Whale Wars: War Stories

Tonight Lisa Ling sits down with Captain Paul Watson, Captain Locky Maclean, Chris Aultman, Fiona McCuaig, Benjamin “Pottsy” Potts, and Matt Smith to look back at this year’s anti-whaling campaign.  Mixed with interviews and footage from the season, we take a look back at everything that happened during this year’s campaign.

Captain Watson says that the first good thing that the Nisshin Maru did was to help with the relief efforts in Japan after the earthquake.  He believes that whaling may have ended permanently in the Southern Ocean because it’s not economically feasible.

He says that whales are the most highly sociable and highly intelligent species on the planet.  And they deserve to be protected.

If one wants to become a member of the Sea Shepherd, they have to be a volunteer because he cannot afford to give them a paycheck.  Fiona says that she originally started out just helping but was convinced to go on the ship with no experience whatsoever.

Lisa Ling now points out that there were a lot more small speedboat missions this year than other years.  Some worked, some didn’t.  A clip of Pottsy with the ship coming up very close is discussed.  And the ship hit the small speedboat.  He says it was an error of judgment, but there’s so many factors that come into play, you can’t account for everything.

Captain Watson talks about that when they’re in those waters, it’s an Antarctic summer.  But Lisa points out that during the one mission, the small boat teams had to spend 13 hours in the cold while the Bob Barker returned to get them.  This is known by many of us to be the “Mikey” incident.  Captain Paul Watson talks about how he would not have let Mikey go to sleep when he’s experiencing hypothermia.  But Captain Watson points out that if a crew member isn’t willing to sacrifice their own life for that of a whale, he won’t take them.

Matt talks about how when he’s not working as a Sea Shepherd he’s a crane operator and his wife is a marketing person.  They save up money so that he can go out on campaigns.

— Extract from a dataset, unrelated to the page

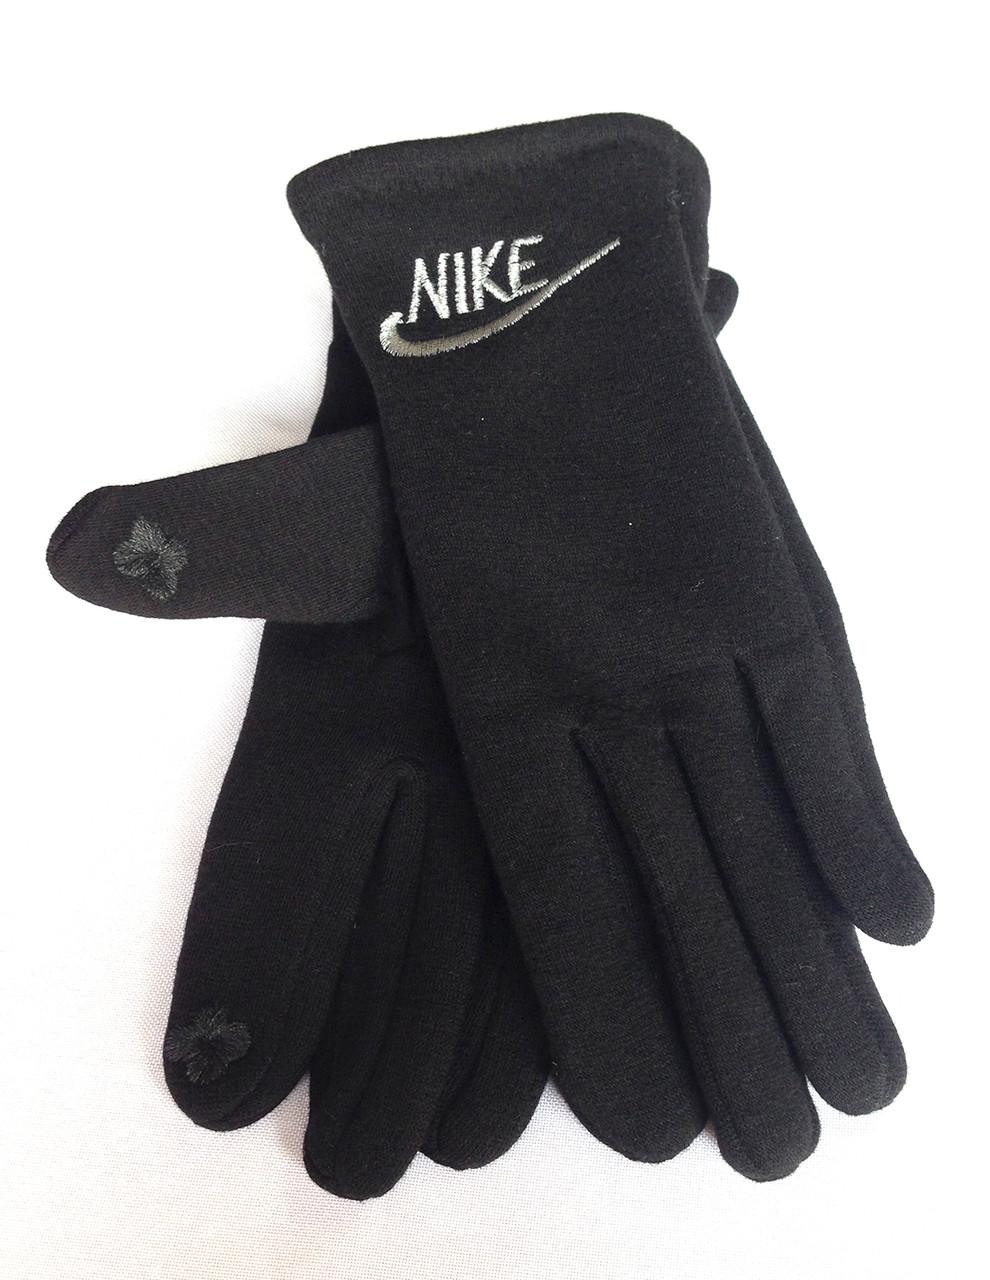 Сенсорные перчатки Nike, трикотаж/флис, черные

Captain Watson talks about how his passion for wildlife began.  When he was a child he saw a bunch of beaver’s and when he returned the next year, they were gone because of a bunch of trappers.  From that point he was determined to help protect wildlife.

Now we center on the Gojira’s role in the campaign and the awesome ship it is.  Captain Maclean talks about how because it was so small, everyone had to get along.  Fiona talks about how even on the big ships you’re no longer than a meter away from someone for any length of time.

Viewers ask why Chris can’t and doesn’t drop things onto the deck from the air.  He says there is an international clause that states that nothing shall be dropped from an aircraft in the air.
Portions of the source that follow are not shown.